The Black Box: Neural Networks Explained
We call it a “Black Box” because even the creators don’t fully understand exactly how it finds the answer. We know the math, but the internal logic is a dense fog of numbers.
However, we can understand the structure. It’s not a brain; it’s a giant game of “Plinko.”
In this guide, we will visualize the layers of a Neural Network.
1. The Layers
Imagine a sandwich with a million layers. * Input Layer: Where your tokens enter. * Hidden Layers: Where the magic happens. Billions of “Neurons” fire, passing signals to each other. They detect patterns—grammar, tone, facts. * Output Layer: Where the final word is chosen.
2. Weights and Biases
Each connection has a “Weight.” * If “King” and “Queen” are often found together, the connection is strong (Heavy Weight). * If “King” and “Toaster” are rarely together, the connection is weak.
3. Training
Training is just adjusting these weights. We show the model billions of sentences. When it guesses wrong, we nudge the weights. When it guesses right, we lock them in. This is Backpropagation.
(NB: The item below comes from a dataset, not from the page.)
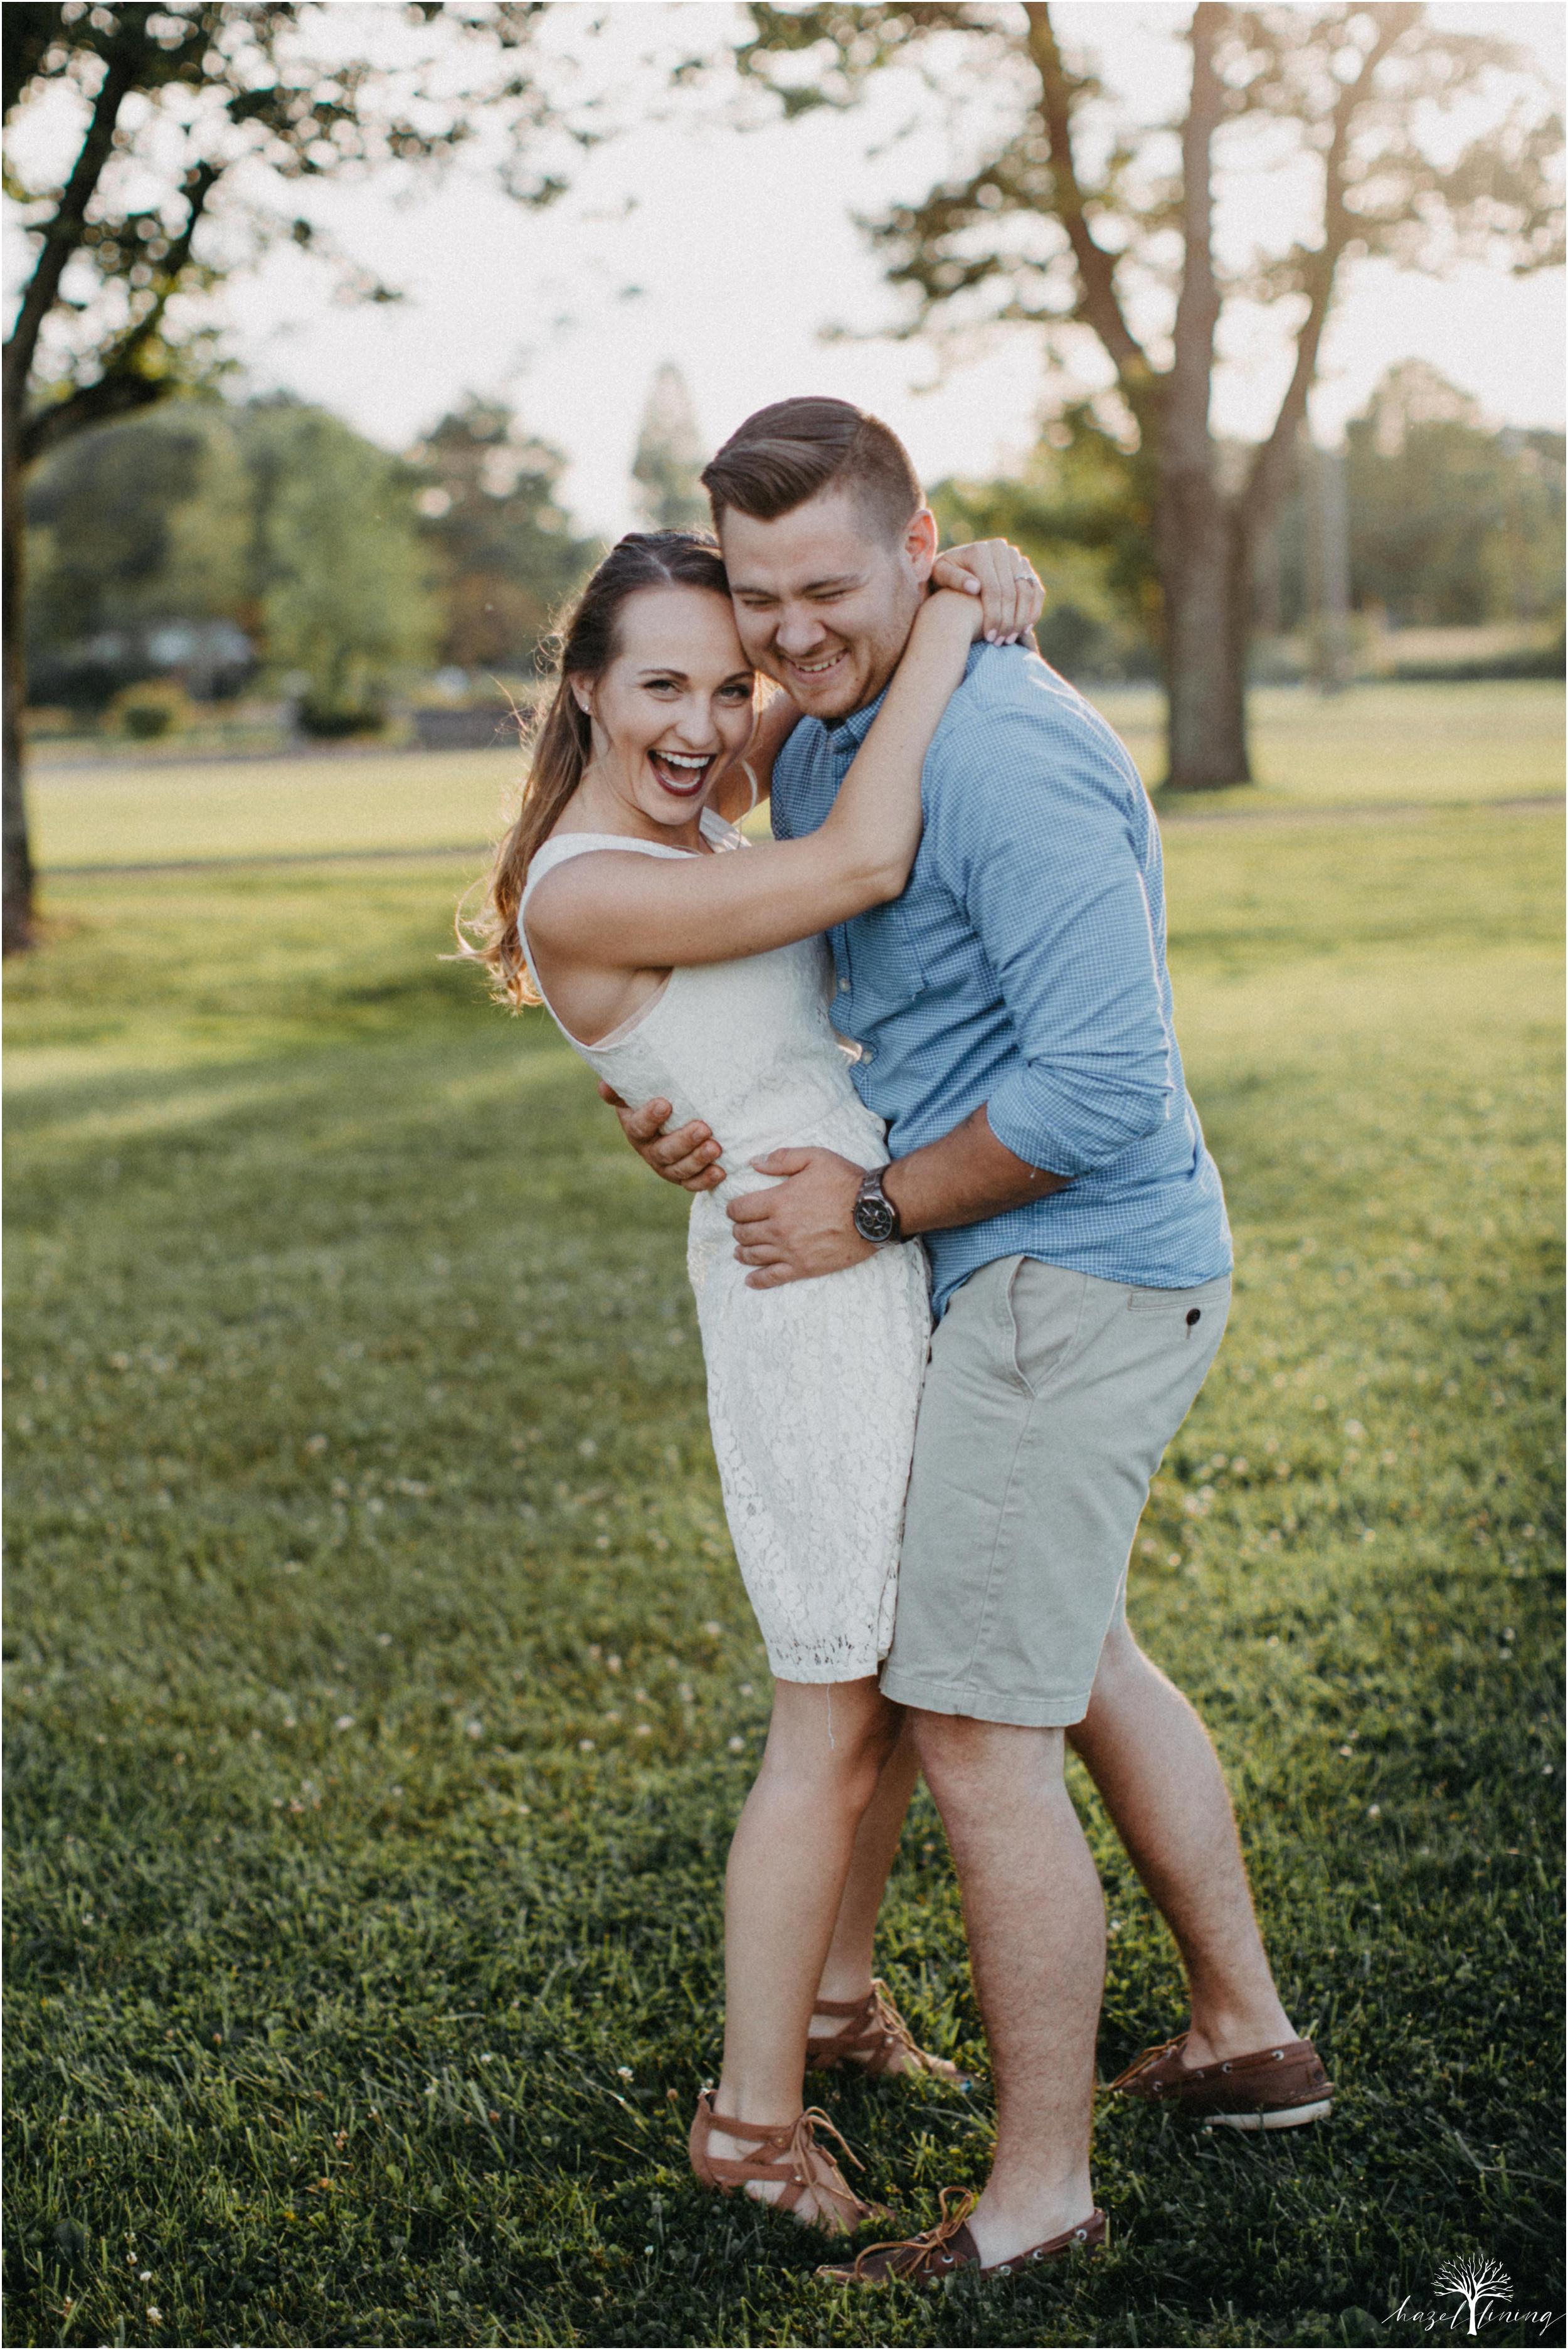 rachel-warner-chris-niedrist-the-farm-bakery-and-events-quakertown-pa-summer-engagement-hazel-lining-photography-destination-elopement-wedding-engagement-photography_0019.jpg

4. Visualizing the Network
Look at the Neural Layers on the right.
Your prompt enters on the left. Watch the signal ripple through the hidden layers, lighting up different pathways. It’s not “thinking” like you do; it’s flowing like water through a very complex pipe system.
The Journey Continues
You have completed the full Literacy Series. You understand the Prompt, the Ethics, the Application, and the Logic. You are ready for the future.